2024-01-07 09:47:11 | 書評:学術・教養(人文・社会他)

 

 本書は、小説、漫画、アニメ、映画、ドラマなどを通じて、「はたらく」ということを考えていこうというものだ。そして、それらの視点は主に3つ。すなわち新自由主義、ポストフォーディズム。ポストフェミニズムである。本書中に、この3つの単語は何度も繰り返して太字で出てくる。「新自由主義」位は分かるが、この言葉も久しぶりに使われているのを見たような気がするのは私だけだろうか。こういった用語には複数の意味が有ることが多いので、補足的な説明を加えて、一応本書の中から定義を拾っておこう。

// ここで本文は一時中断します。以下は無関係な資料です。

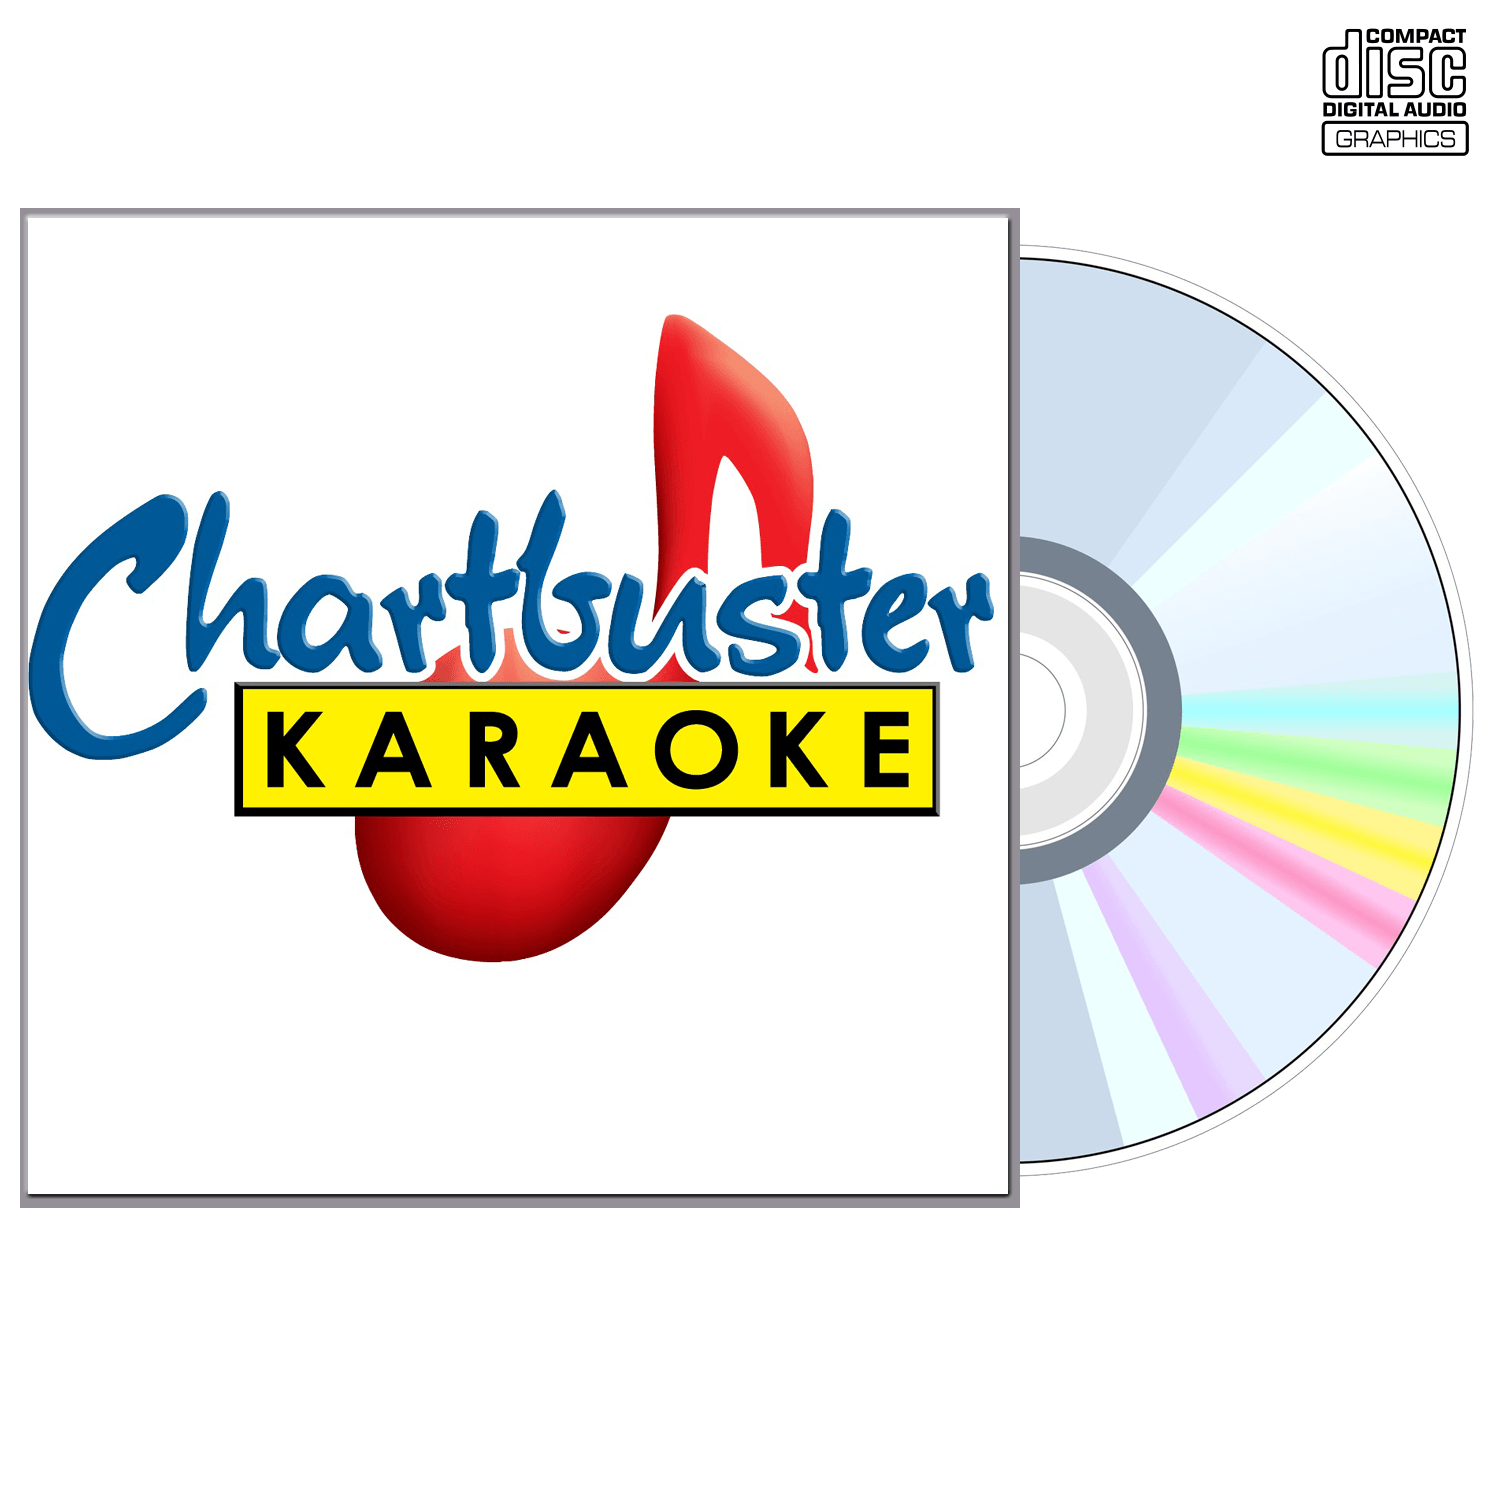 Ultimate 90's Collection V09 - CD+G - Chartbuster Karaoke - Karaoke Home Entertainment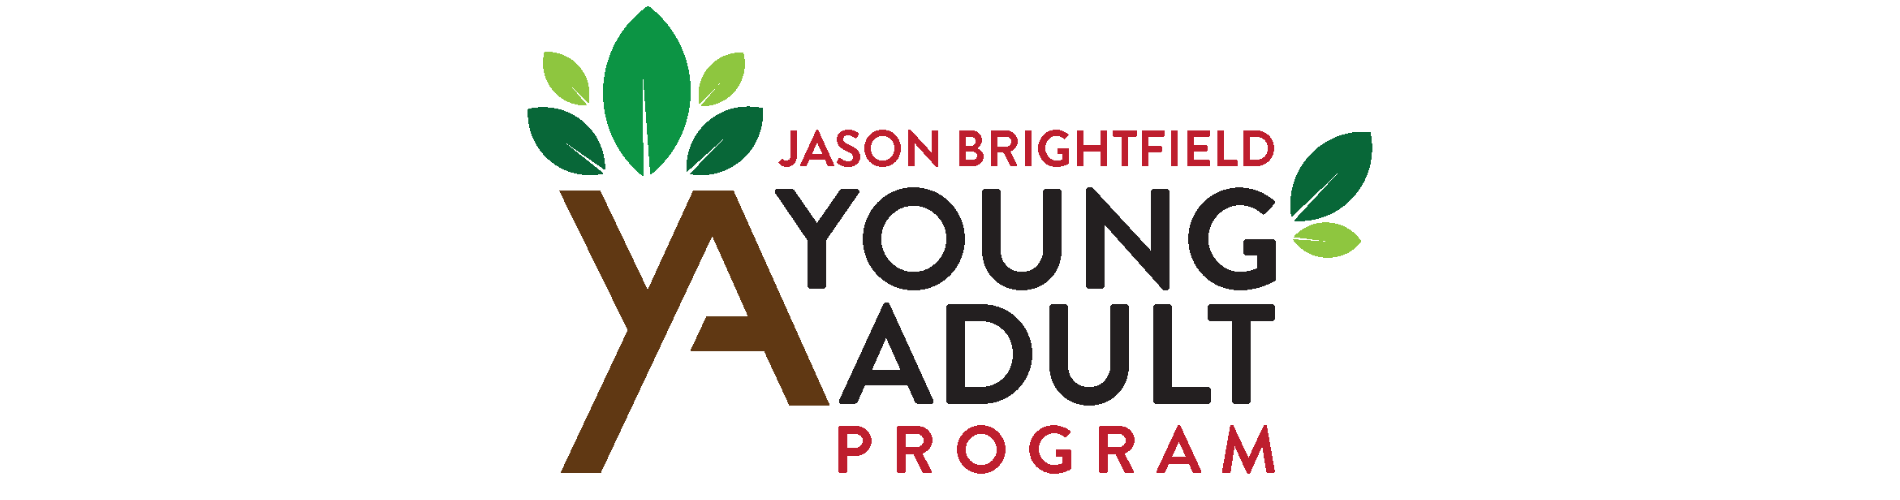 Jason Brightfield Young Adult Program

 新自由主義というのは、複数の訳語として使われることがあるらしいが、よく目にするのは、ネオリベラリズムの訳語としてだ。本書もその意味で使っている。これは市場に任せれば何でもうまくいくという一部経済学学者の間にはびこる一種の信仰のようなものである。つまり福祉国家を否定し、規制緩和(もしくは撤廃)を前面に出し、小さな政府をつくって、市場に任せておけば、すべてうまくいくという思想である。

 フォーディズムというのは、フォードシステムに由来するもので、人がベルトコンベアの前に並び、それぞれが、単純労働を繰り返し、その結果全体として製品が出来ていくというもの。労働者は単純繰り返し労働の苦痛に耐える見返りとして高賃金、短時間労働を手に入れた。要するに、大量生産・大量消費という現代資本主義の根幹をなす思想だ。

 フェミニズムというのは聞いたことがない人は少ないだろうが、女性解放を旗印に性差別をなくそうという思想や社会運動のことである。

 ポストというのは、思想関係の研究者などが好きな言葉で、それ以後という意味で使われる。つまりフォーディズムやフェミニズム以後ということだ。

 新自由主義以外の言葉は、初めて目にする言葉だ。まあ、私は大学・職業とも特定の思想には関係のないところで育ってきたので、単にそのような素養がないだけかもしれないが。

 分析の対象となっているのは、「3月のライオン」、「プラダを着た悪魔」、「マイ・インターン」、「宝石の国」、「機動戦士ガンダム 水星の魔女」など。私は、「宝石の国」を深夜アニメで視たことがあるくらいで、他の作品については全く知らない。

 例えば、ポストフォーディズムの例であるが、将棋漫画である「3月のライオン」であるが、将棋は従来労働とは呼びにくかったが

従来は賃金労働とは関係ないと思われていた生活や人間の能力の能力の側面が、賃金労働に組み込まれていく(p040)

と著者は述べている。新自由主義との関係であるが、著者は

福祉国家と新自由主義はほぼフォーディズムとポストフォーディズムに一致する政治・経済の体制です。(p030)



 「プラダを着た悪魔」であるが、こちらは女性のお仕事映画である。この中でポストフェミニズムについては、

経済成長に貢献する限りにおいて認められるフェミニズム(p067)

と言っている。つまり、ポストフェミニズムとは、

新自由主義(ネオリベラリズム)にフェミニズムの目的が簒奪された状況(p071)

なのだそうだ。 

 廣野由美子さんの著作に批評理論入門―『フランケンシュタイン』解剖講義(中公新書)というものがある。これを読むと、一つの作品に対して、色々な視点があることが分かる。ある著作は、著者の手を離れたとたんに、その解釈は読者にゆだねられる。だから著者が思いもよらぬ解釈をされる場合もあるのだ。フランケンシュタインの作者のシェリー夫人も、まさかマルクス主義批評とかポストコロニアル批評なんてものをされることを予想していたかということは疑問だ。

 これらの批評家にとっては、自分の主義主張が主であり、作品はその主義主張を補強するための従ということになる。もっとも、何か視点を定めて深読みしていくというのも面白い気がする。大切なことは、解釈はなにもひとつではないということ。もし答えがひとつだと考えるなら、完全に受験勉強に毒されているのだろう。だから、本書のように特定の思想を基準にして作品を評価するのも面白いと思う。ただ、それは評者がどういう思想を持っているかを明らかにすることになる。場合によっては、人から呆れられる諸刃の剣となるのだ。